You explained and elaborated very well on why I've always thought the PC was doomed to win. By the early 1990s, IBM compatible hardware was not under the control of a single company anymore. It was an ecosystem which could survive the death of any one company, and where innovation can be driven forward by any of its participating companies. Suddenly the Amiga's custom chips don't seem so sexy anymore; before 1995, PCs were rocking high-res video cards with their own blitters and sound hardware capable of CD-quality sound, in multiple channels sometimes (see Gravis UltraSound). The main proprietary link was now in software, to wit: Windows, but when Linux came along Windows was no longer the sole linchpin.
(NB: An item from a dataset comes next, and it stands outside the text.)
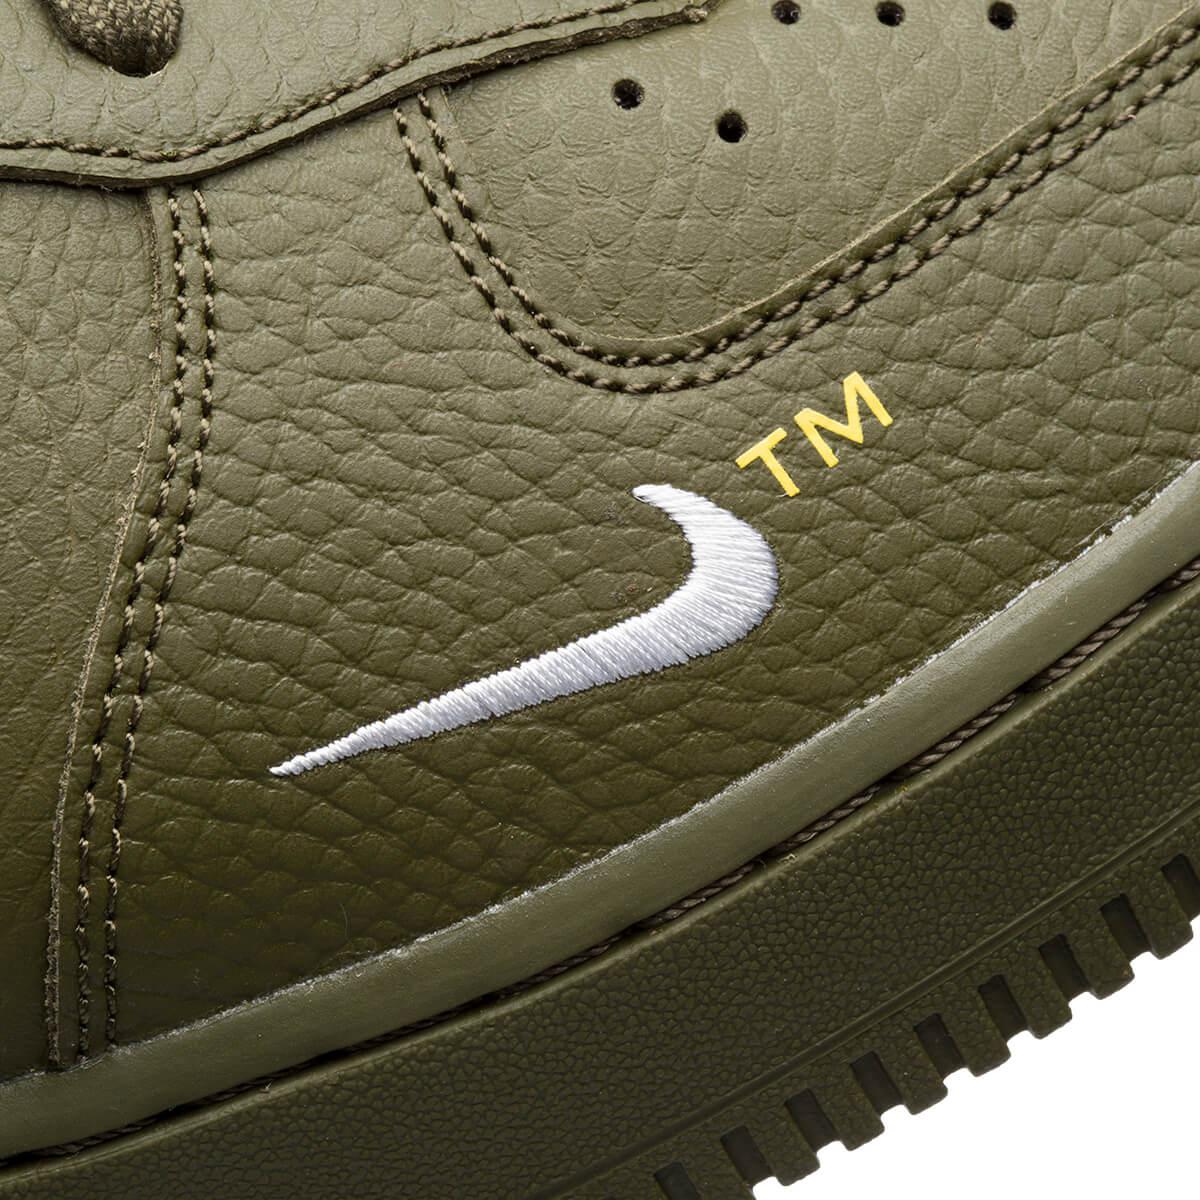 Nike Leather Air Force 1 '07 Lv8 Utility in Olive (Green) for Men - Lyst

So I think you're right. There's no universe in which the Amiga was a serious contender. Every company is at risk of management blunders or changing market tides, and the scene is littered with the corpses of proprietarily integrated platforms that fell with their parent companies: not just the Amiga but Atari ST, SGI, Sun, DEC, Lisp machines, etc. The PC ecosystem outlasted them all and just kept going on, delivering the advantages those systems had in a cheaper, more accessible package.

The sole exception was Apple. I think Apple won in the long run by subsidizing Mac development with iPod/iPhone/iPad sales, and what this means is yet another market turn away from general purpose computing and toward devices that only run approved curated "apps" and are discarded rather than upgraded. Maybe Commodore could have anticipated this back in the day, but it would have been against the Amiga spirit I think.

I still love my Amiga 500. What it can do was amazing in the late 1980s, and I'm content to appreciate that for what it is.